DoS Mitigation - Client puzzles
- Goal is to slow down the attacker
- Done by giving them a moderately hard problem
- e.g. Given challenge C find X such that…
- Assumption: takes expected 2^n time to solve
- For n=16 takes about .3sec on 1Ghz machine
- Main point is that checking the puzzle solution is easy, repairing the disparity in workload between client and server, reducing amplification threat surface
- e.g. Given challenge C find X such that…
- During DoS attack everyone must submit puzzle solution with requests
- When no attack, do not require puzzle solution
- Examples
- TCP connection floods (RSA ‘99):
- Example challenge
C = TCP server-seq-num
- First data packet must contain puzzle solution
- Otherwise TCP connection is closed
- Example challenge
- SSL handshake DoS (SD’03):
- Challenge C based on TLS session ID
- Server: check puzzle solution before even attempting to do the RSA decrypt
- Similar ideas can be applied to application layer, or payment systems
- TCP connection floods (RSA ‘99):
- Benefits
- Hardness of challenge can be decided based on DoS attack volume
- Limitations
- Requires changes to both clients and servers
- Hurts low power legitimate clients during attack
- Possibly, clients on cell phones and tablets cannot even connect
DoS Mitigation - Client Puzzles: Memory-Bound Functions
- CPU power ratio:
- (high end server)/(low end cell phone) = 8000
- Impossible to scale to hard puzzles
- Interesting observation:
- Main memory access time ratio:
- (high end server)/(low end cell phone) = 2
- Main memory access time ratio:
- Solution requires many main memory accesses
- Reading provided in class notes
Puzzle Quiz
- Client puzzles should be hard to construct.
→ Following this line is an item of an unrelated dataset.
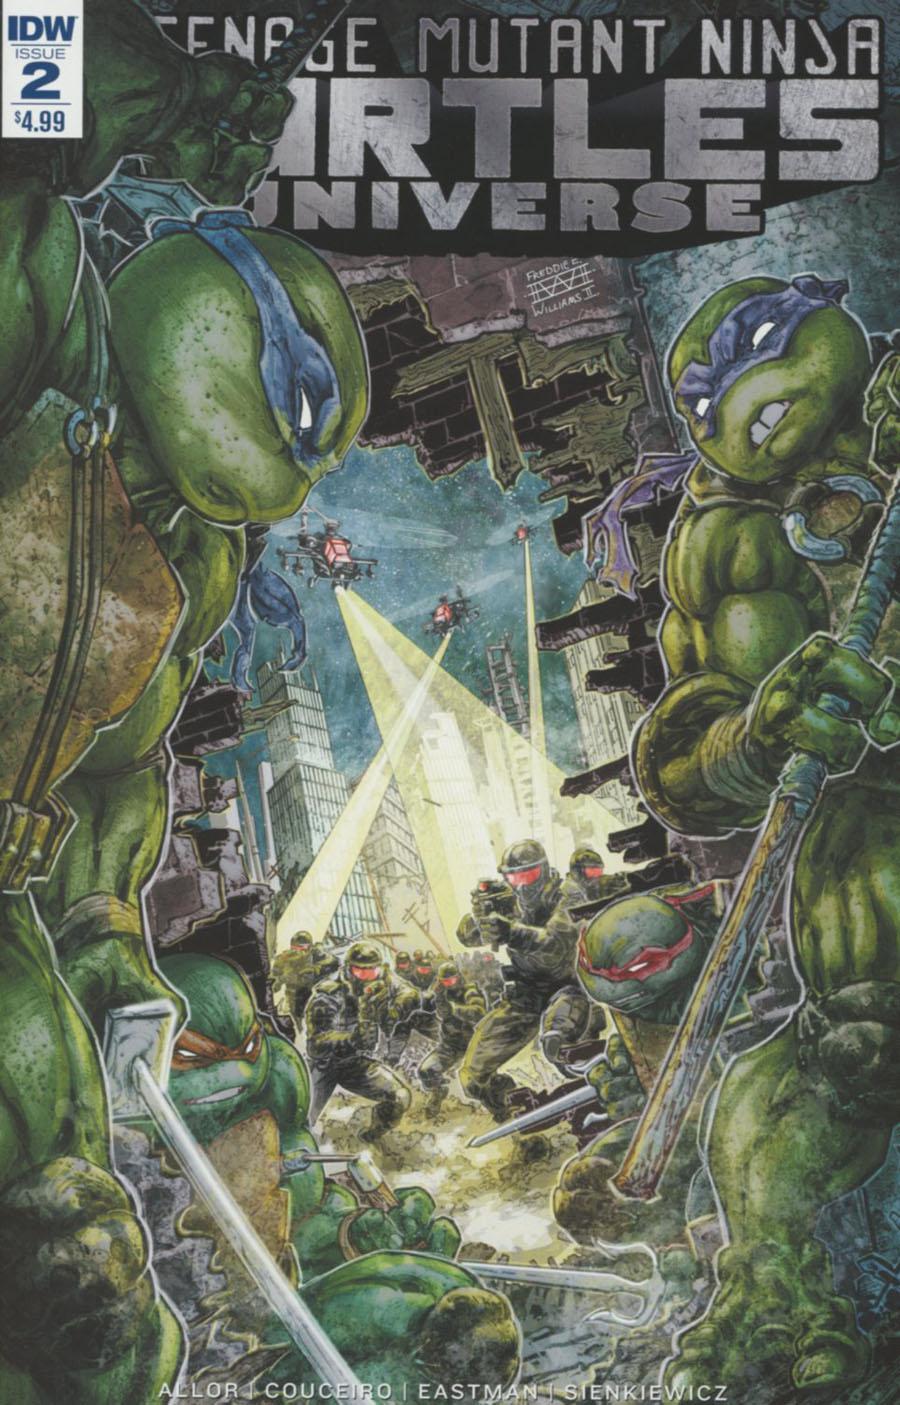 Teenage Mutant Ninja Turtles Universe Vol. 1 #2

This is an indication of the level of difficulty to solve them.
- FALSE
- Client puzzles should be stateless.
- TRUE
- Puzzle complexity should increase as the strength of the attack increases.
- TRUE
DoS Mitigation - CAPTCHAs
- CAPTCHA: Completely Automated Public Turing test to tell Computers and Humans Apart
- Idea is to verify that the connection is from a human
- Applies to application layer DDoS
- During attack, generate CAPTCHAs and process request only if valid solution
DoS Mitigation - Source Identification
- Goal is to identify the packet source
- To block the attack at the source (ingress filtering)
- Harder than it sounds
- ISP is often unable to help
- Problem is it requires ALL ISPs to do this, which requires global trust
- If even 10% of ISPs don’t participate, this provides functionally no defense
- There is no incentive for the ISP to participate
- As of 2014
- 25% of Autonomous Systems are fully spoofable
- 13% of announced IP address space is spoofable
DoS Mitigation - Traceback
- Given a set of attack packets, determine path to source
- Done by changing routers to record this information in packets
- Assumptions:
- Most routers remain uncompromised (so that this information is valid)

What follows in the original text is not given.